(Collected material):
+---+

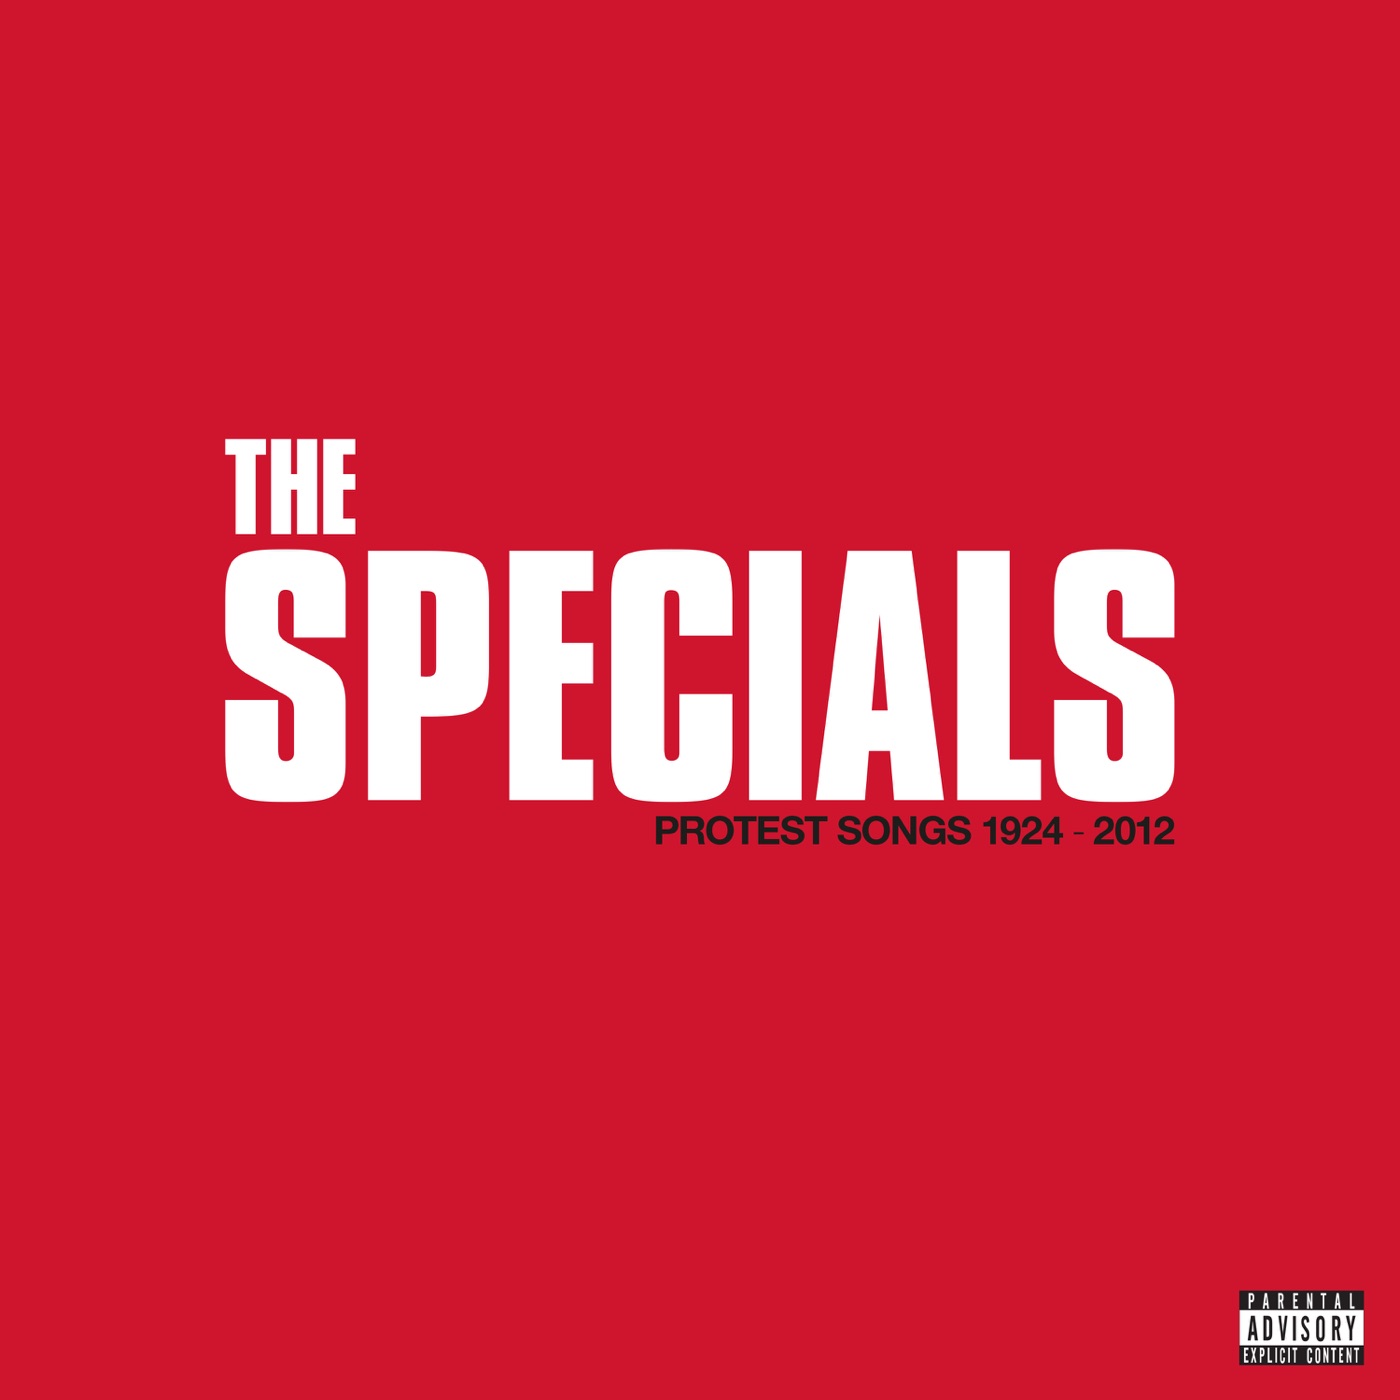 Protest Songs 1924 – 2012 by The Specials
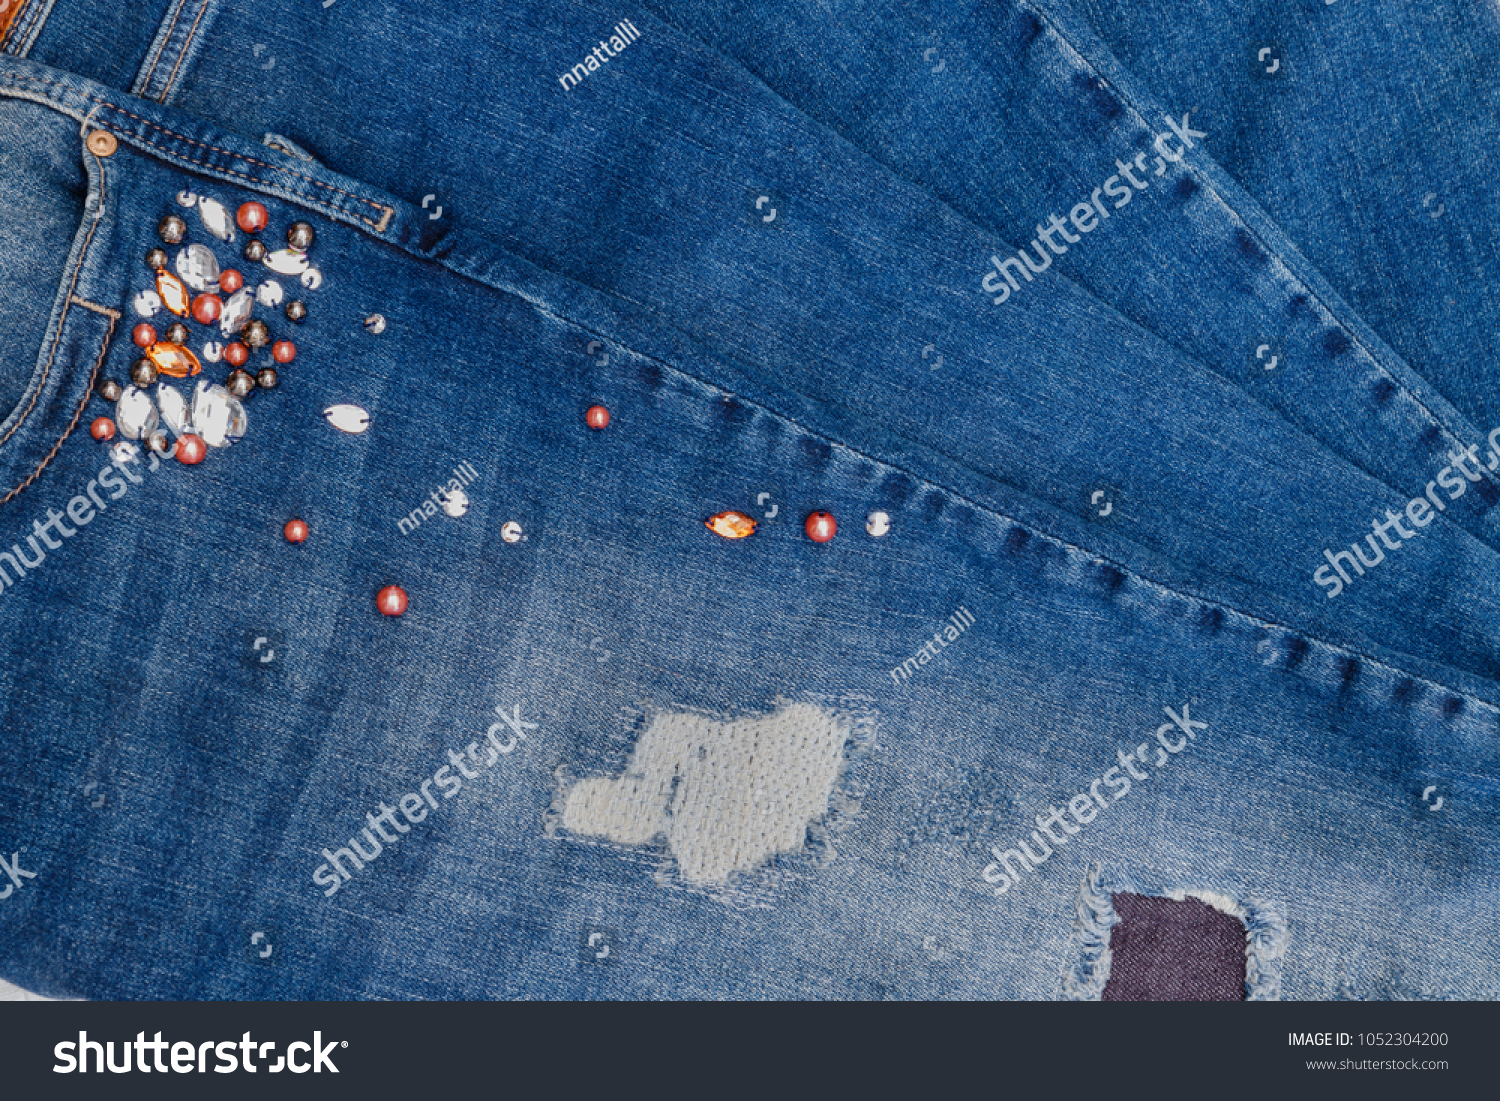 jeans with jeweled pockets
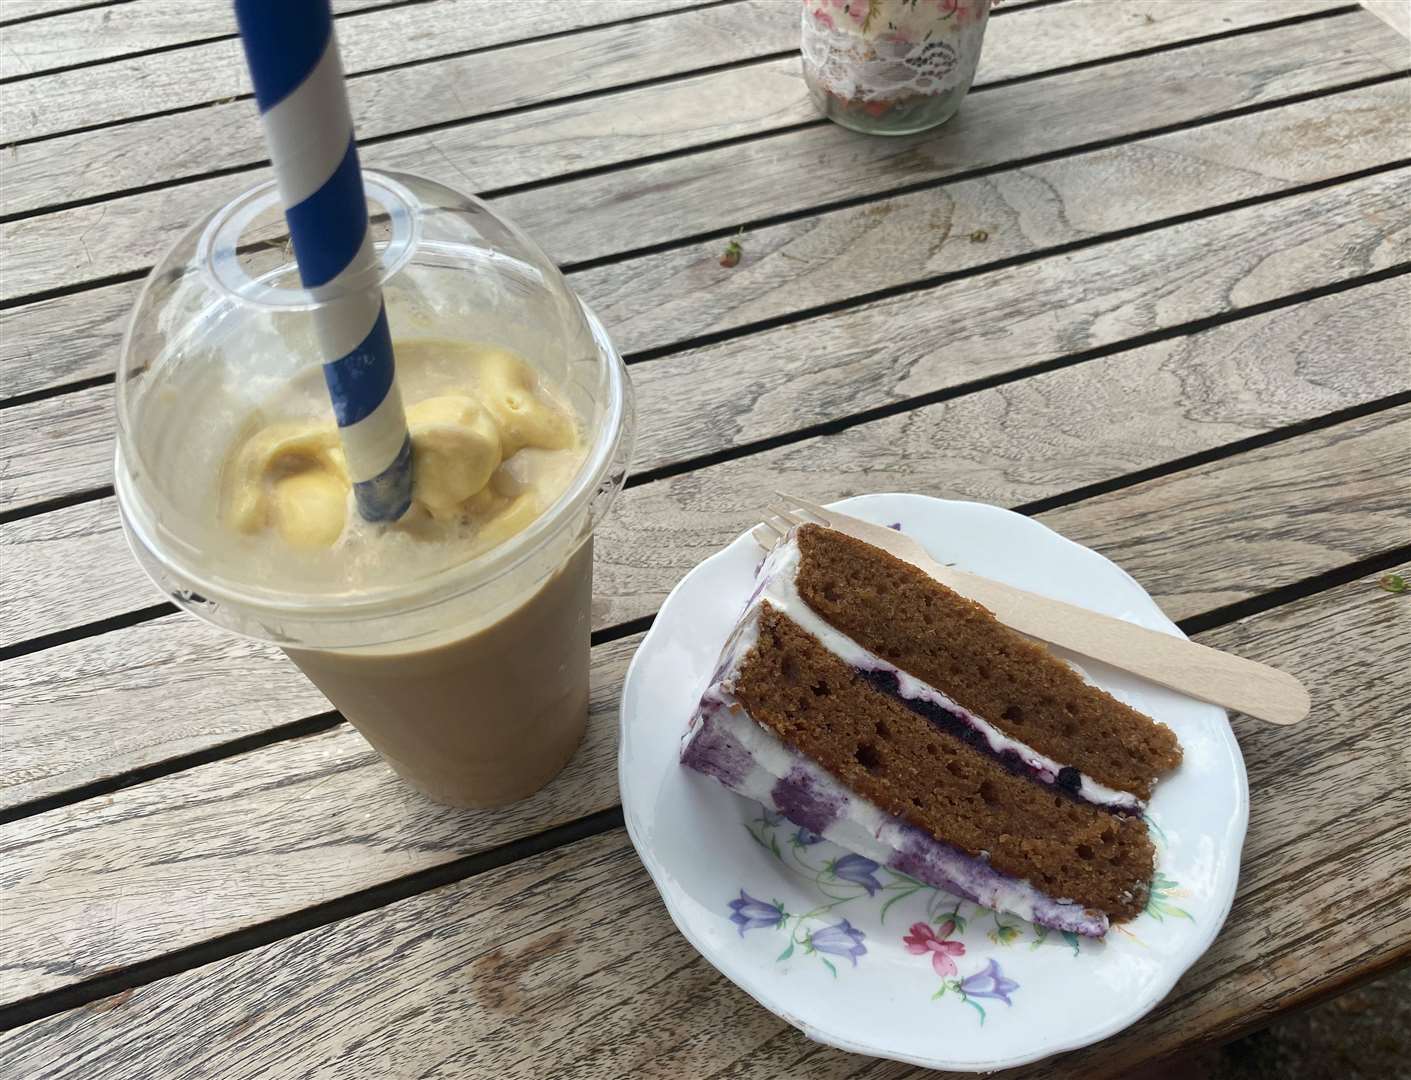 The Fandango Ice-Cream Iced Coffee was £6.20 and the Banana and Blueberry Layer Cake was £3.20
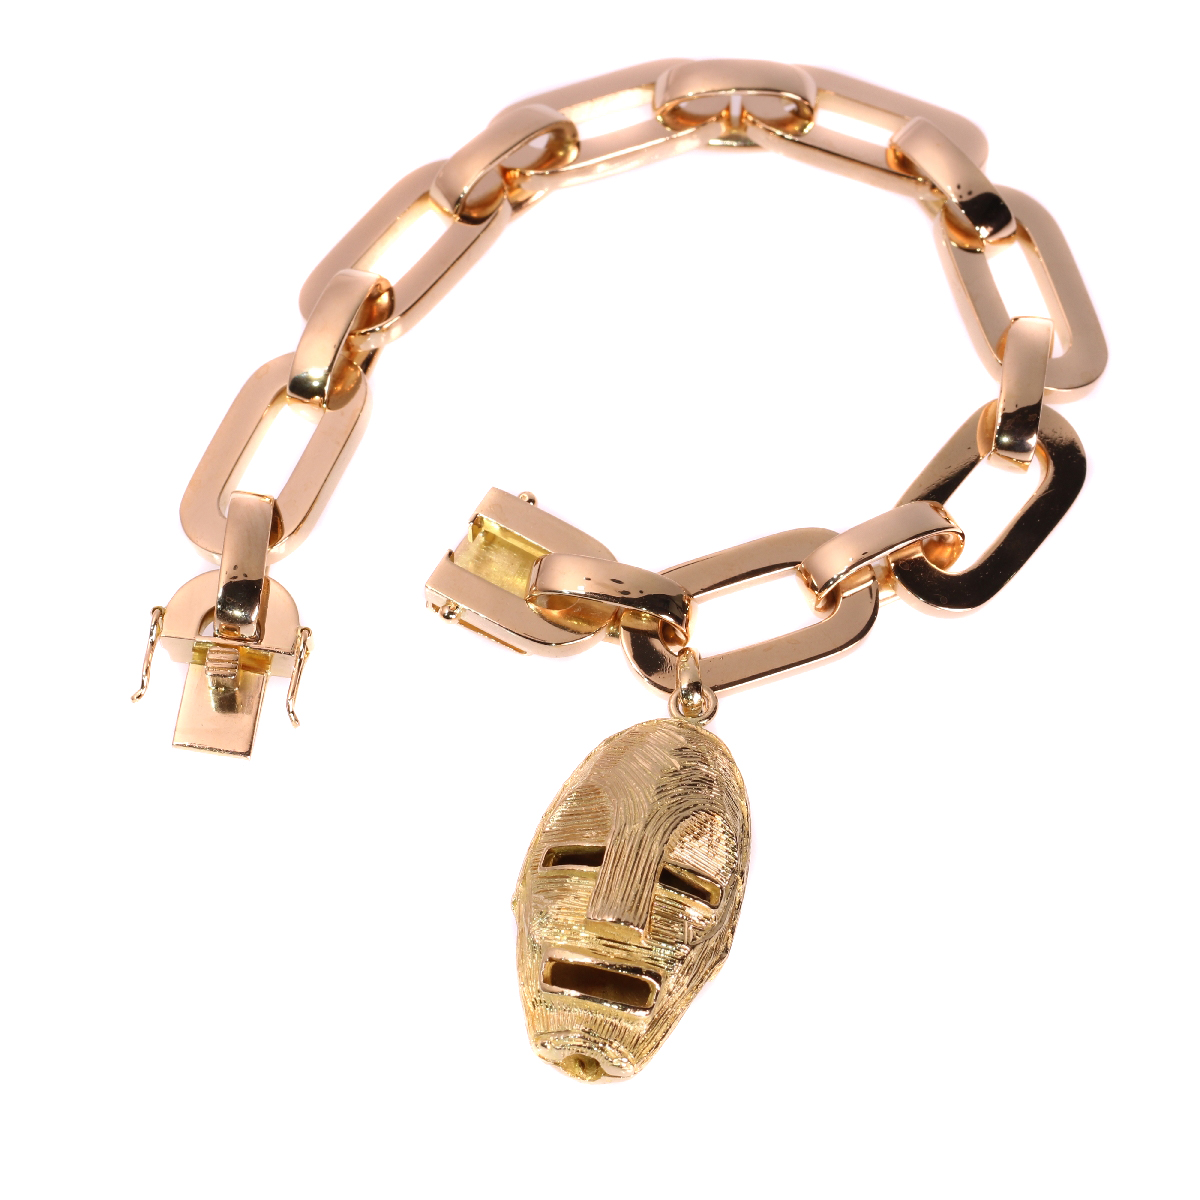 Vintage Fifties solid pink gold heavy bracelet with yellow gold ethnic african mask

+---+

Exactly the lines from the line with "jeans with jeweled pockets" through the last line of the listing, both included, should be extracted, and the pictures left behind.

(Your response):
 jeans with jeweled pockets
 The Fandango Ice-Cream Iced Coffee was £6.20 and the Banana and Blueberry Layer Cake was £3.20
 Vintage Fifties solid pink gold heavy bracelet with yellow gold ethnic african mask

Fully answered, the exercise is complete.